Santragachi is a neighbourhood in Howrah of Howrah district in the Indian state of West Bengal. It is a part of the area covered by Kolkata Metropolitan Development Authority (KMDA). Santragachi Junction in Santragachi is one of the five intercity railway junctions of Howrah-Kolkata, which serves as a railway junction-cum-terminus for the South Eastern Railway. Kona Expressway in Santragachi is one of the major and fastest roads to enter Kolkata.

==History==
In the early twentieth century, Santragachhi was a large village, with a part within Howrah Municipality. According to a legend, the principal family there, the Choudharys, who were Barendra brahmins, started staying here 300 years from now. Inspired by them, other Barendra families moved to the place. The railway station of Santragachhi was named after this place, though this place is closer to another railway station at Ramrajatala. The Ramrajatala area was considered a quarter of the area under this village.

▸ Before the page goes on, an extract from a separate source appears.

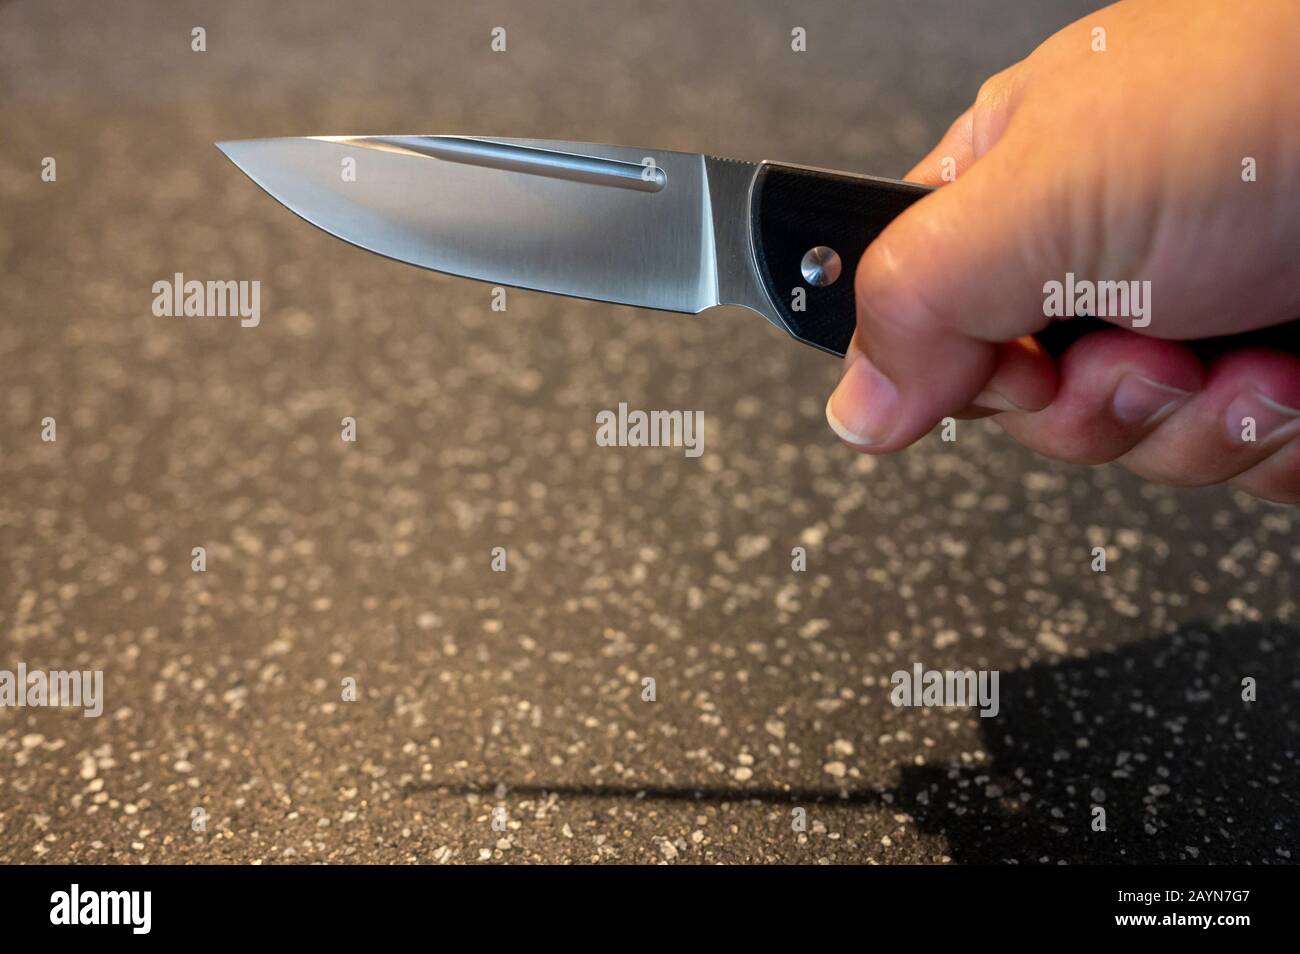 Symbole, Symbolbild, Eine Faust haelt ein Messer in der Hand. Stock Photo

The first vernacular school of the Howrah district was established in Santragachhi in 1857 with the help of a government grant. Afterwards the school was amalgamated with "Santragachi Madhya Engreji School" making it an English and Bengali dual medium school and later in 1925, the school transferred to Santragachi Kedarnath Institution. The first girls' school of the Howrah district with Indian management was established in Santragachhi in 1863, with a small grant from the government.

Santragachhi produced good quality of arums (ol: ওল). There is a variety of Amorphophallus paeoniifolius (elephant-foot yam of arum family) which is named Santragachhi after this place.

==Education==
===High schools===
There are several secondary and higher secondary schools for boys and girls. Sir Ashutosh Mukherjee laid the foundation stone of Santragachi Kedarnath Institution, whilst Jagacha High School is another notable school in this area.
Other government schools include Santragachi Bhanumati Balika Vidhyalaya, S.E. Railway Mixed Higher Secondary School, Santragachi Mixed High School, Santragachi Railway Colony High School, Baksara High School, Surendranath Girls' School . Private schools include St. Marys Convent School, Maria's Day School. There is also a branch of Kendriya Vidhyalaya, which is affiliated to CBSE Board.

===Colleges===
Colleges in the area include Dr. Kanailal Bhattacharya College and Bijoy Krishna Girls' College.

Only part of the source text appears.